Danish artist (1816–1878)

Thorald Læssøe (25 June 1816 – 25 March 1878) was a Danish landscape painter active during the Danish Golden Age. Several of his paintings are owned by the National Gallery of Denmark.

== Biography ==
Læssøe was born in 1816 in Frederikshavn to Niels Frederik Læssøe, a customs inspector, and his second wife, Margrethe Juliane Signe Læssøe. Læssøe was the brother of Army officer Frederik Læssøe, numismatist Ludvig Læssøe, and priest Kristian Frederik Læssøe. As a teenager, he decided to become an artist after initially planning to study civil service.

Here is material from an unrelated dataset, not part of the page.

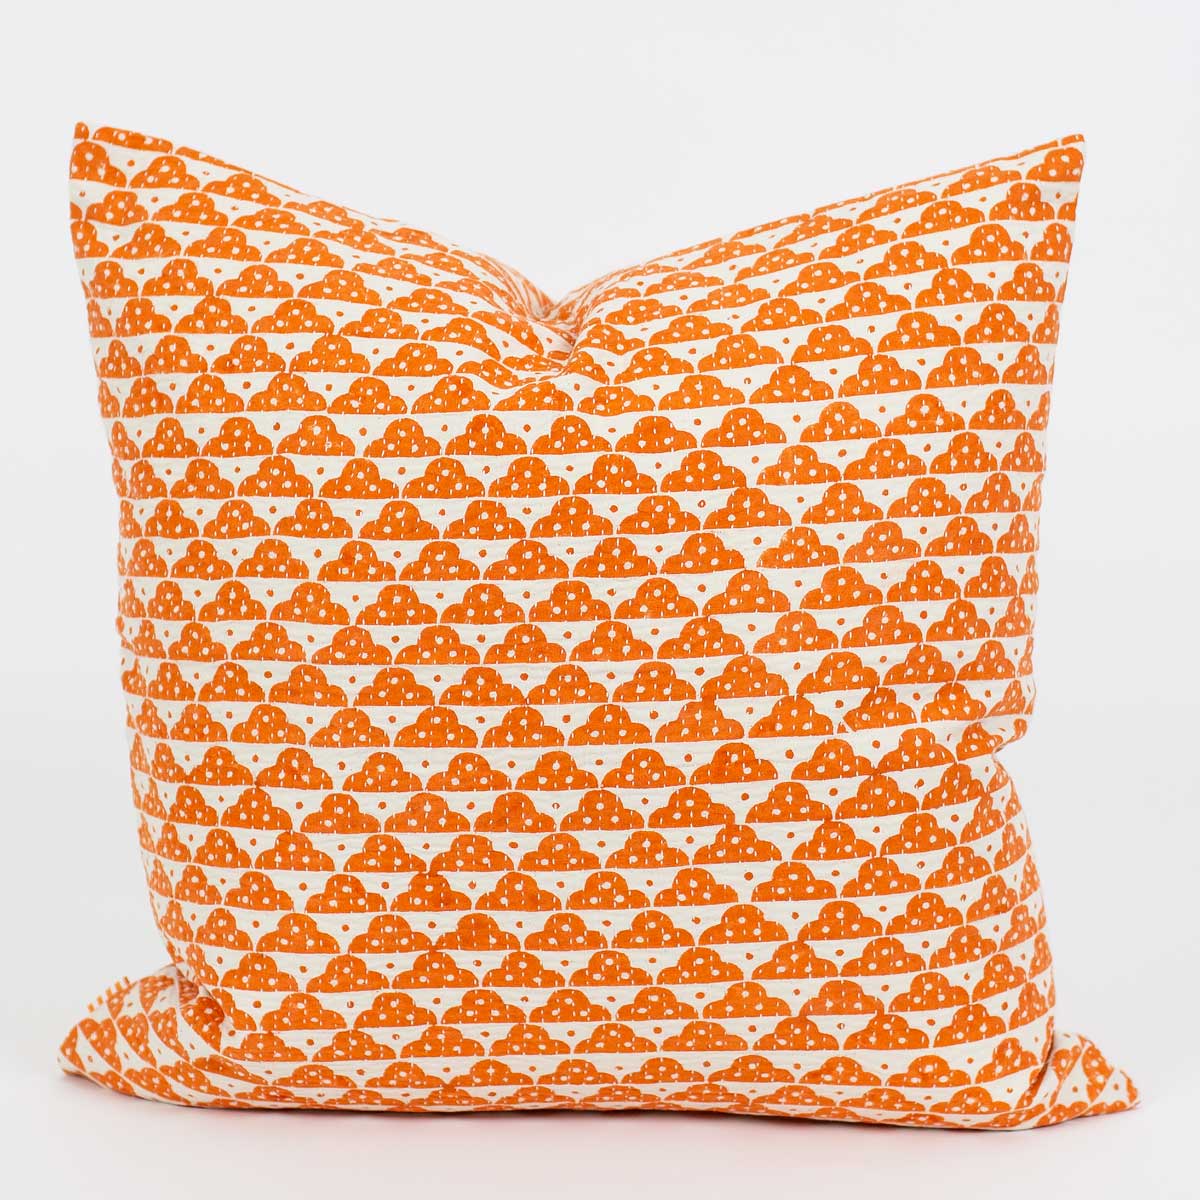 THREE HILLS Cushion cover 50x50, orange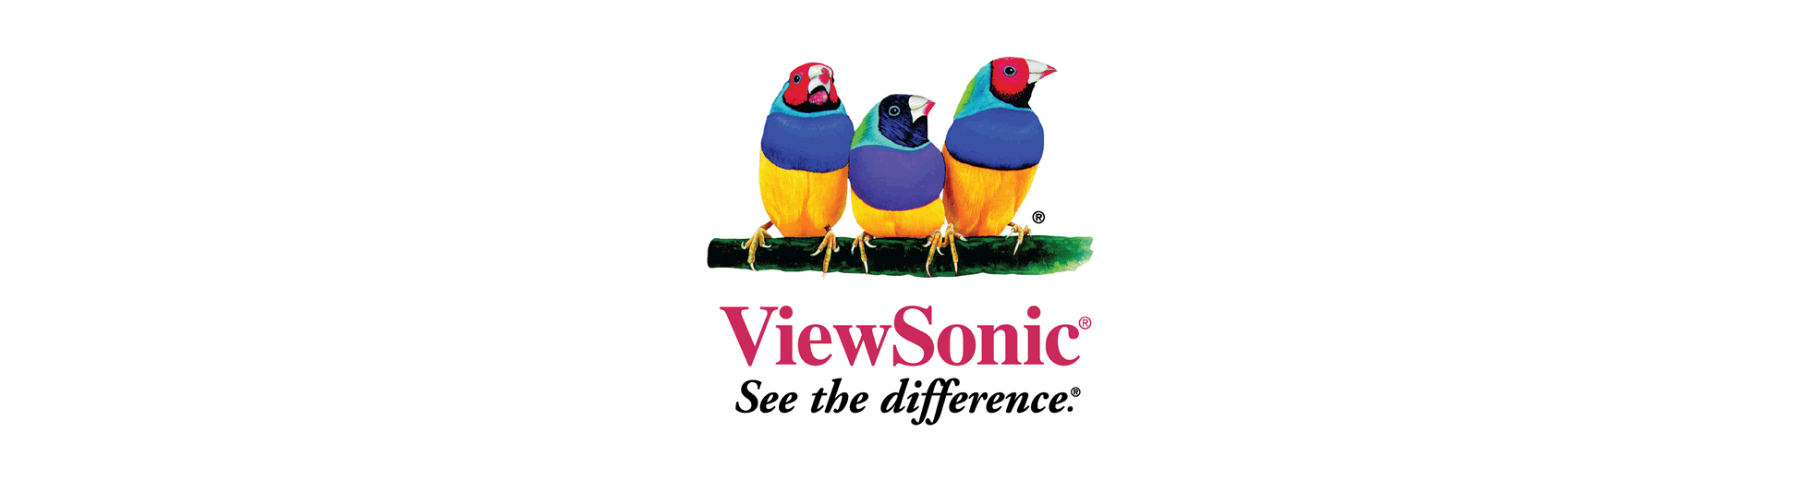 Viewsonic logo - Media Service België

Although he was primarily self-taught, Læssøe had periodically attended the Royal Danish Academy of Fine Arts from 1834 to 1839, where he was a student of Christian Holm and briefly Christen Købke. He spent the following decades residing in various cities across Europe, such as Basel, Prague, and Rome.

Læssøe belonged to the circle of Lorenz Frølich, Jens Adolf Jerichau, J.T. Lundbye, and P. C. Skovgaard but did not reach the same degree of their popularity.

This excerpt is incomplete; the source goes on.